Seminarium: Systemy Rozproszone
22 maja 2025 12:15, sala 4070
Jakub Panasiuk, Michał Staniewski



SIMD-accelerated regex optimizations



Regular expressions are a powerful tool for pattern matching in text, but traditional implementations often struggle with performance, especially when processing large inputs or complex patterns. One promising approach to improving their efficiency is leveraging SIMD (Single Instruction, Multiple Data) – a CPU-level optimization that allows multiple data elements to be processed in parallel.

This work explores the integration of SIMD techniques with CTRE (Compile Time Regular Expressions), a modern C++ library by Hana Dusíková. CTRE compiles regular expressions at compile time using constexpr and template metaprogramming, eliminating runtime parsing overhead and enabling optimizations that are not possible in traditional engines. However, while CTRE provides a highly efficient foundation, it does not natively exploit SIMD parallelism.
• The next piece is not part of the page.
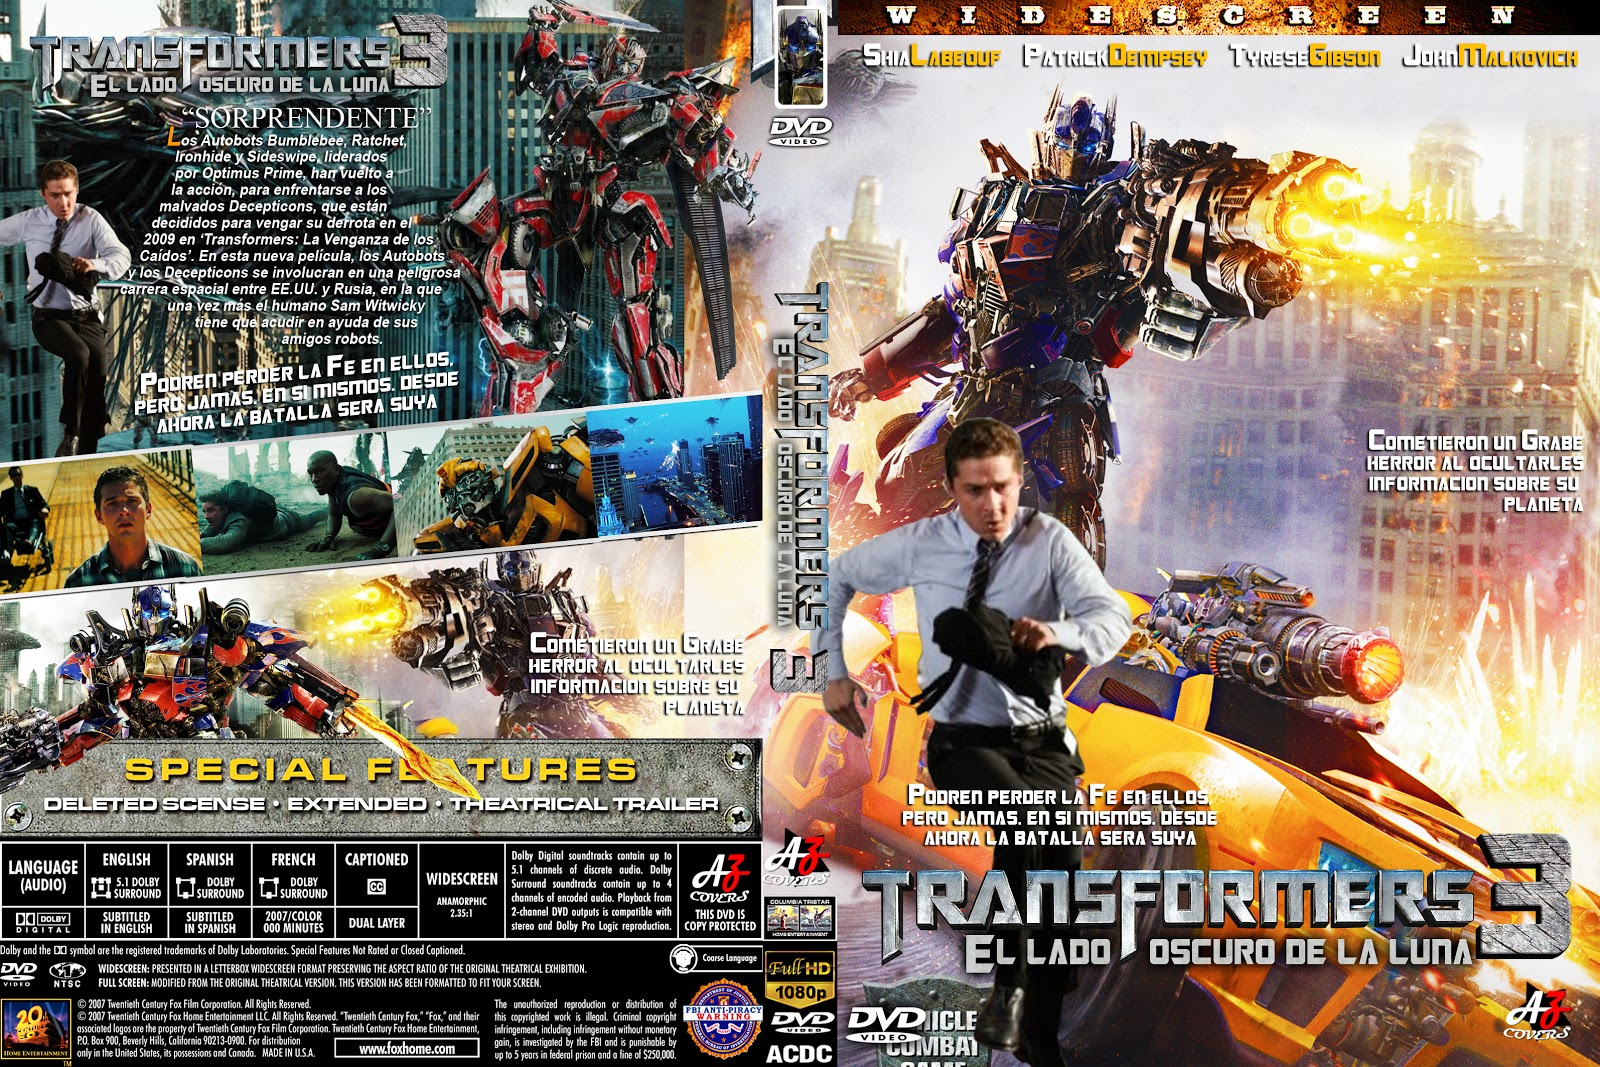 download transformers 3 dvd full / yes man subtitles english online

The goal is to extend CTRE’s matching engine to take advantage of SIMD instructions (such as SSE and AVX) to accelerate pattern matching even further. This requires low-level modifications and a deep understanding of both the library's internals and the structure of typical regular expressions. The resulting implementation is evaluated in terms of performance improvements across a range of input types and pattern complexities.

Zapraszam,
Jakub Panasiuk





Asynchronous dynamic memory allocation on Intel GPUs



Asynchronous operations are crucial in GPU programming as they allow tasks to overlap, maximizing resource utilization. Within Intel oneAPI framework, asynchronous capabilities can be further extended by introducing asynchronous memory allocation, which reduces the need for synchronization barriers, enhances memory reuse and improves overall performance.

This work addresses the specific challenges of GPU memory allocators, proposes an efficient implementation of asynchronous dynamic memory allocation for the Unified Runtime library and evaluates this solution on Intel GPUs, with a focus on reducing overhead and enhancing performance in parallel applications.

Zapraszam,
Michał Staniewski